YOUR INSTRUCTIONS
Count the lines in the entries below that include the word "einer". Give nothing but the number.

==========

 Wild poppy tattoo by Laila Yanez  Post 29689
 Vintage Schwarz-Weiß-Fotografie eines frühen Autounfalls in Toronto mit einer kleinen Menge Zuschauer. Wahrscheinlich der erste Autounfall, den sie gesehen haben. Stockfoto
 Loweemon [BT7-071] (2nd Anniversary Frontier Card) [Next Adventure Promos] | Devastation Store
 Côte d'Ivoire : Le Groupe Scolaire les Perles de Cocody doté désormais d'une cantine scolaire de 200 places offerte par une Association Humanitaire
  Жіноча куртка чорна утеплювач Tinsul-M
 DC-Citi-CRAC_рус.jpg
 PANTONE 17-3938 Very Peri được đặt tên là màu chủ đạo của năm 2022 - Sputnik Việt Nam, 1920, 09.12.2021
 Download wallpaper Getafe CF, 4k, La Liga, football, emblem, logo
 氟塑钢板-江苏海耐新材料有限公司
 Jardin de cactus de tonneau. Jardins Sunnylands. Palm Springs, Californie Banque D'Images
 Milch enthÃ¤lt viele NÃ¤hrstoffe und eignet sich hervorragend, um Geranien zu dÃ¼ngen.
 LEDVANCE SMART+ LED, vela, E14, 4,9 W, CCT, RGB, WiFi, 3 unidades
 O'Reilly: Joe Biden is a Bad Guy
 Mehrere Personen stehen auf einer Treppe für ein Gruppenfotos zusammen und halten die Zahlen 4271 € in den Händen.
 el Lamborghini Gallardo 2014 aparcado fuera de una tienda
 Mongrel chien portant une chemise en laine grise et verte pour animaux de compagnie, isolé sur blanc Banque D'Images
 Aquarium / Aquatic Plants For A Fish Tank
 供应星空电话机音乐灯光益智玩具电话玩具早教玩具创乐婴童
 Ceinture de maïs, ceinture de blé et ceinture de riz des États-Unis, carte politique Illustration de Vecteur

==========

SOLUTION TO THIS TASK
2